It is with heavy hearts that the community bids adieu to Wick Moses, a fun-loving man who played a great role in the shaping of Carbondale’s culture.
Wick came to the Roaring Fork Valley in 1963 as a student at Colorado Rocky Mountain School (CRMS). He came by train from Springfield, Massachusetts, with a head full of dreams, an electric guitar and amp and a Sony transistor AM radio. After graduating in 1966, Wick studied history at the University of Denver, got immersed in the hippie scene and discovered a love of FM radio and stereo sound systems.
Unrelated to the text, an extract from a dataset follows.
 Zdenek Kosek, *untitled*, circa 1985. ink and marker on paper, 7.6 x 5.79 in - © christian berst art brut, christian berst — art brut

“I am still wearing the CRMS school uniform — jeans, and a flannel shirt,” he joked during an interview with The Sopris Sun last year. “The summer of ‘67 was the last summer I spent back east and I never went back.”
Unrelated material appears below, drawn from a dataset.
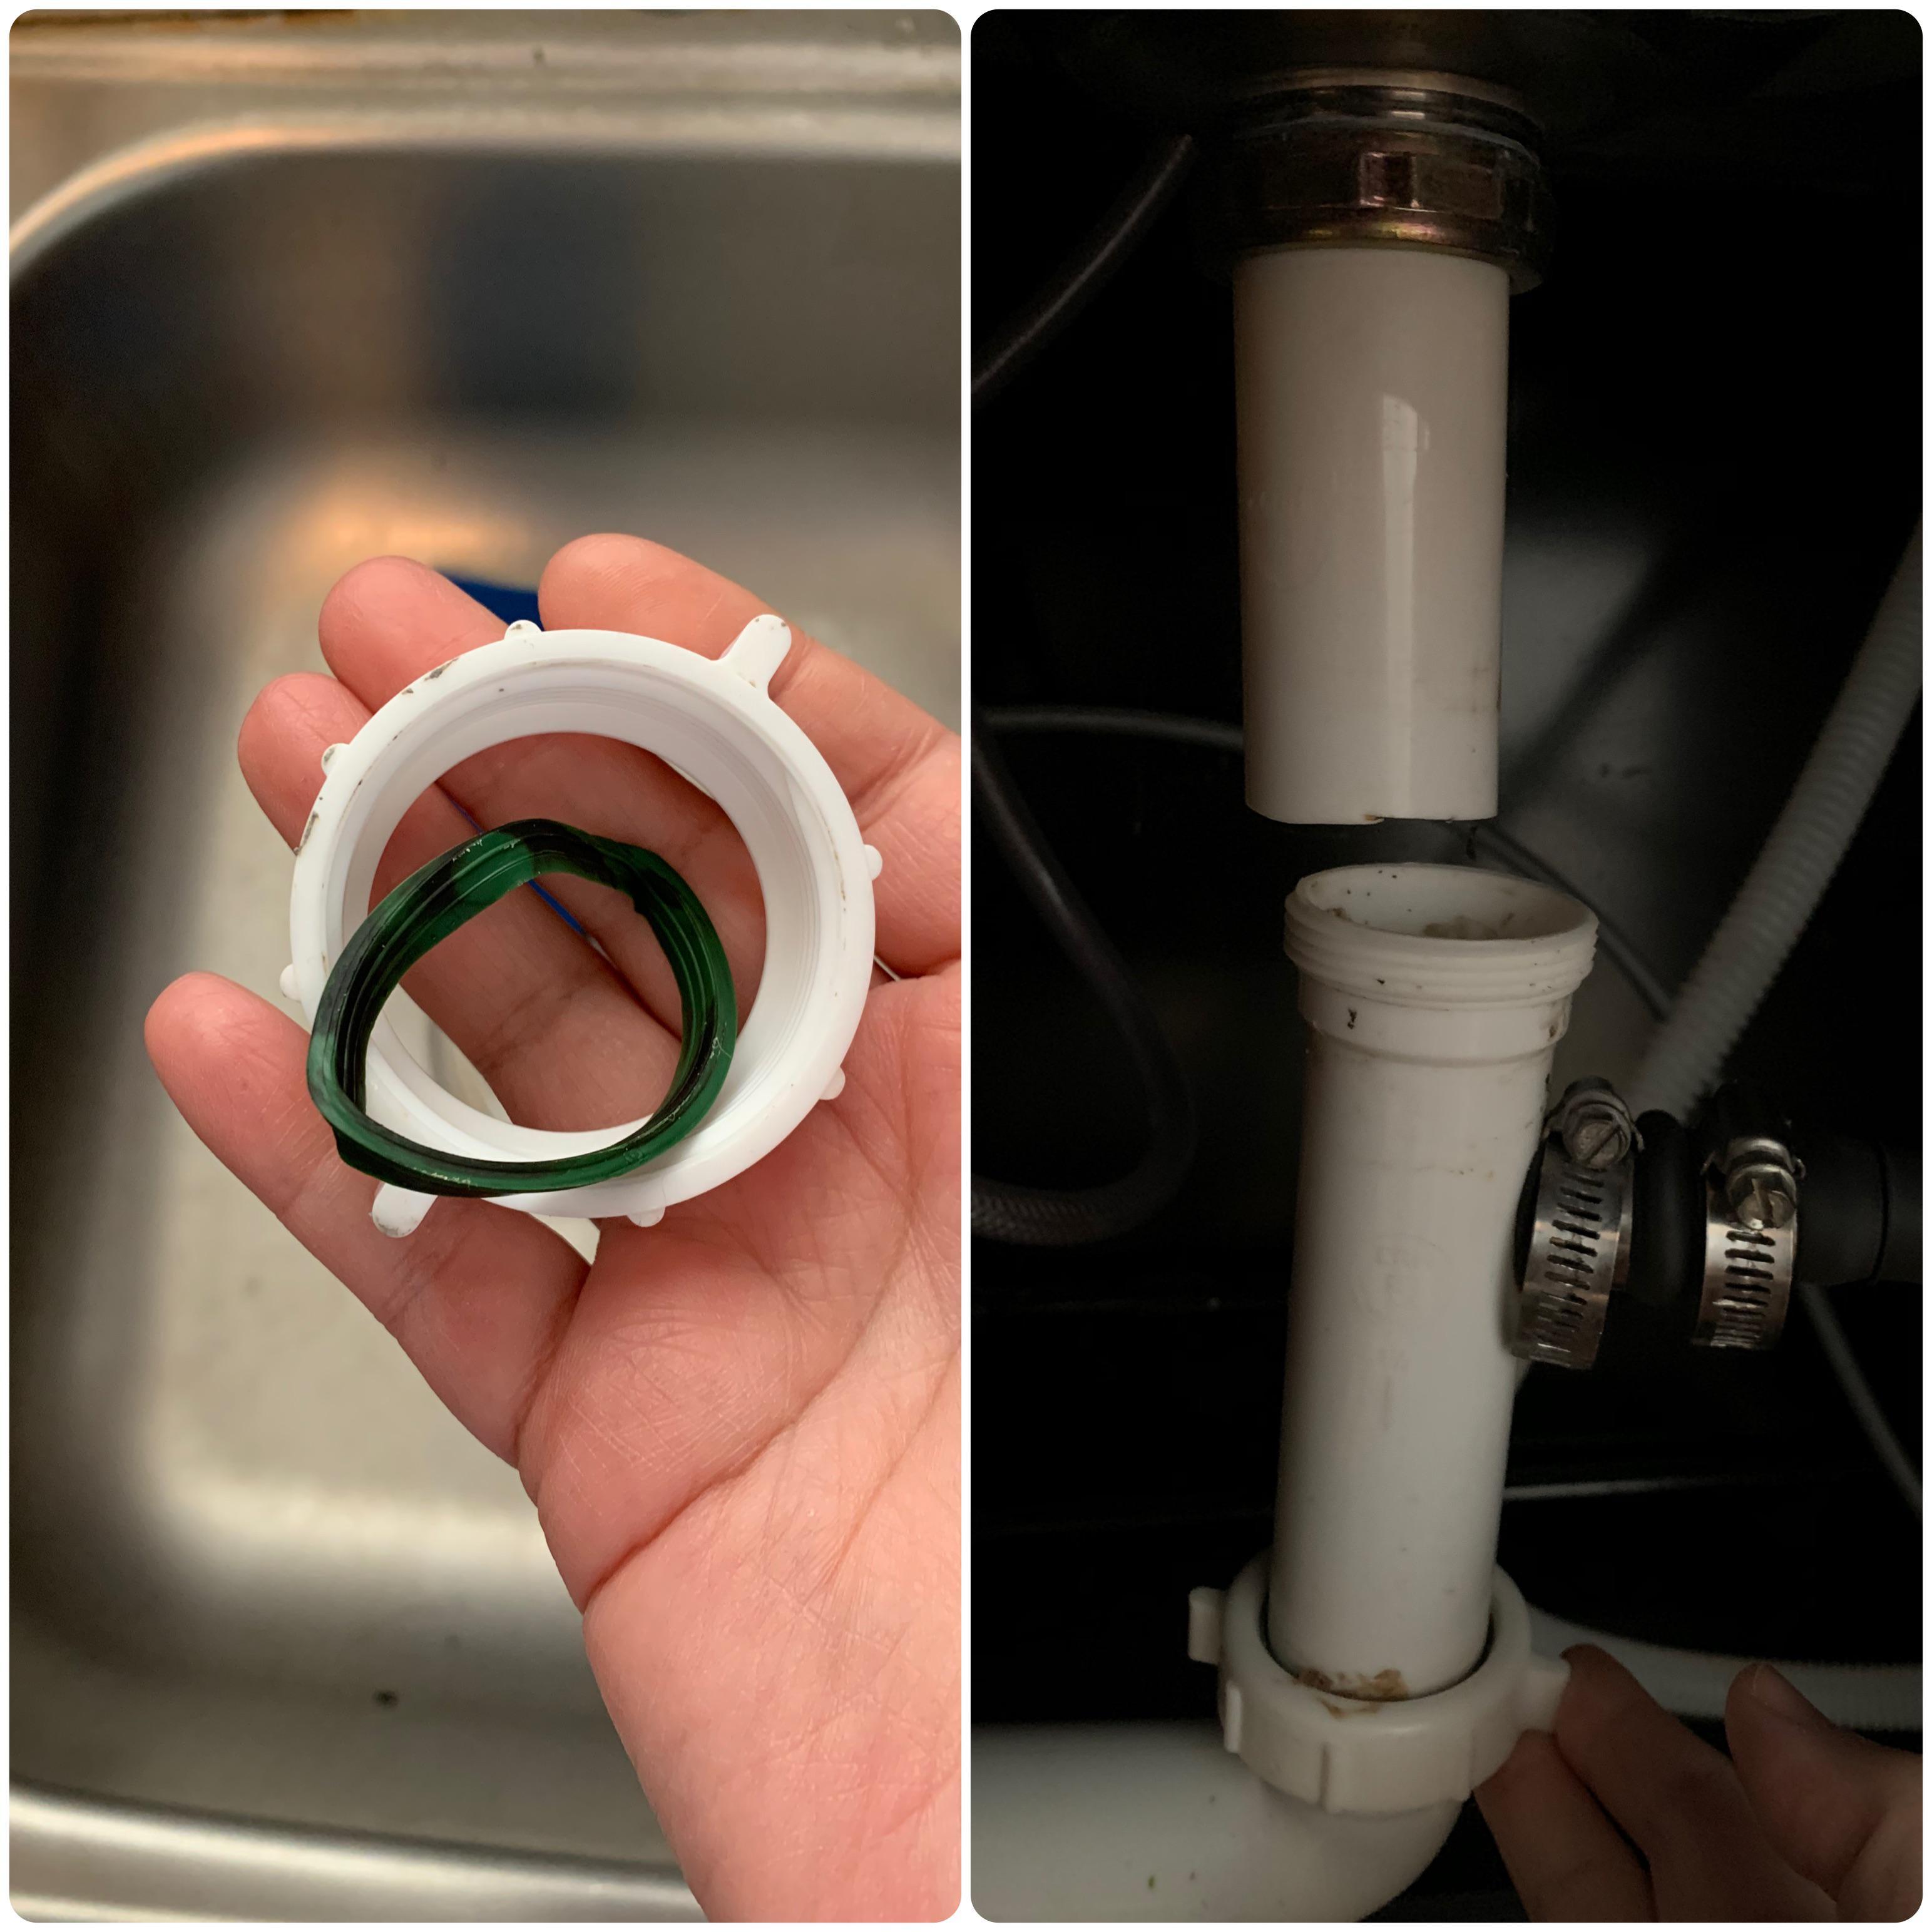 drain for my kitchen sink began leaking

He returned to CRMS to teach in 1970 and later opened a record store on Main Street which expanded to Aspen before closing in 1980. Wick and Pat Noel were the dual managers of KDNK when it first came on the air in April 1983. He later served on the station’s board of directors and was an avid supporter (leveling honest criticisms at times) for the past four decades.
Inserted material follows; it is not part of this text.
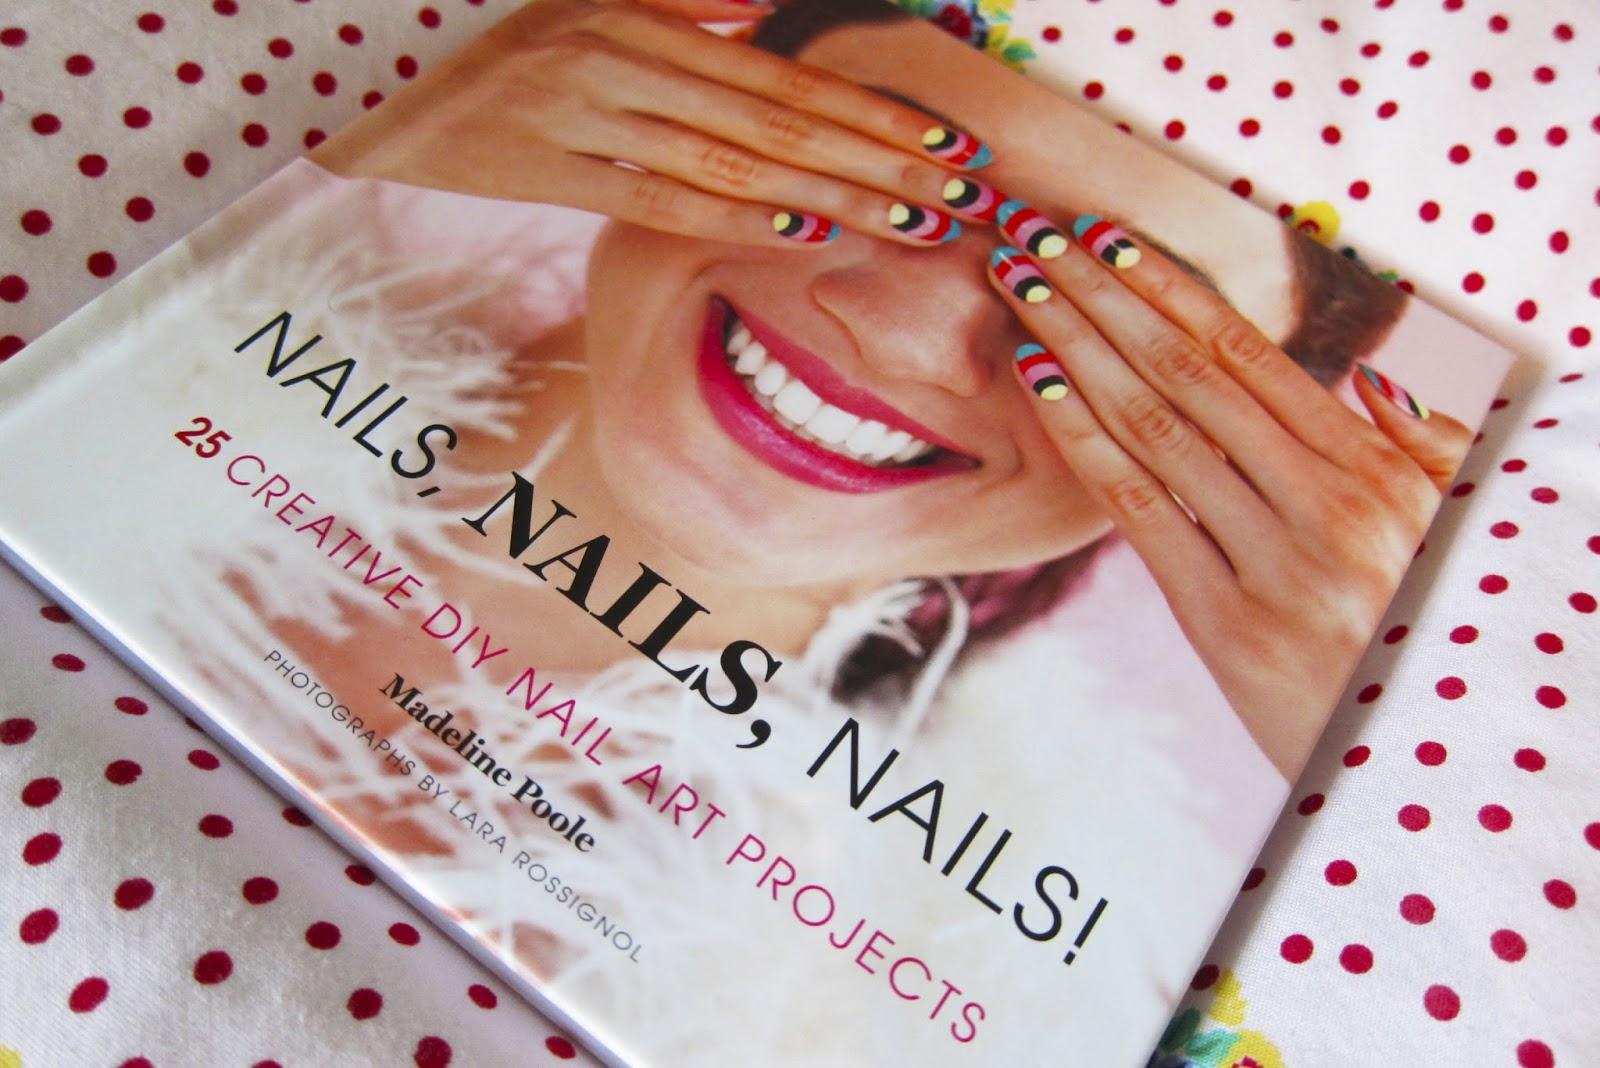 Nails, Nails, Nails- 25 Creative DIY Nail Art Projects By Madeline ...

Wick also performed at the very first Mountain Fair (Chautauqua) and was part of the fair’s early leadership and sound direction. “The thing about Mountain Fair was that it carried on that whole idea of a group of volunteers coming together to create something. That really was a big driving force in the town,” Moses told The Sopris Sun.
After Wick followed “love and money” back to Denver in 1988 and returned to the Valley in 1992, KDNK had moved its transmitter to Sunlight Peak and now had valley-wide coverage. In the ensuing years, he hosted a jazz show, sold underwriting and did production work and engineering for the station until his retirement in 2012.
As well as an audiophile, Wick was a motorcycle enthusiast and traveled the American West. He watched Carbondale grow and change along with new technologies and expressed gladness in 2022 at seeing young people continue to come to the area and be involved in creating community.
“One of the things I think about during the whole time I have been involved with Carbondale is that there was this incredibly fascinating cast of characters that came here. The place attracted some really unusual and unique people. For the most part, they were really good people.”
Editor’s note: Wick’s beloved cat, Jazzy, has been adopted into a new home.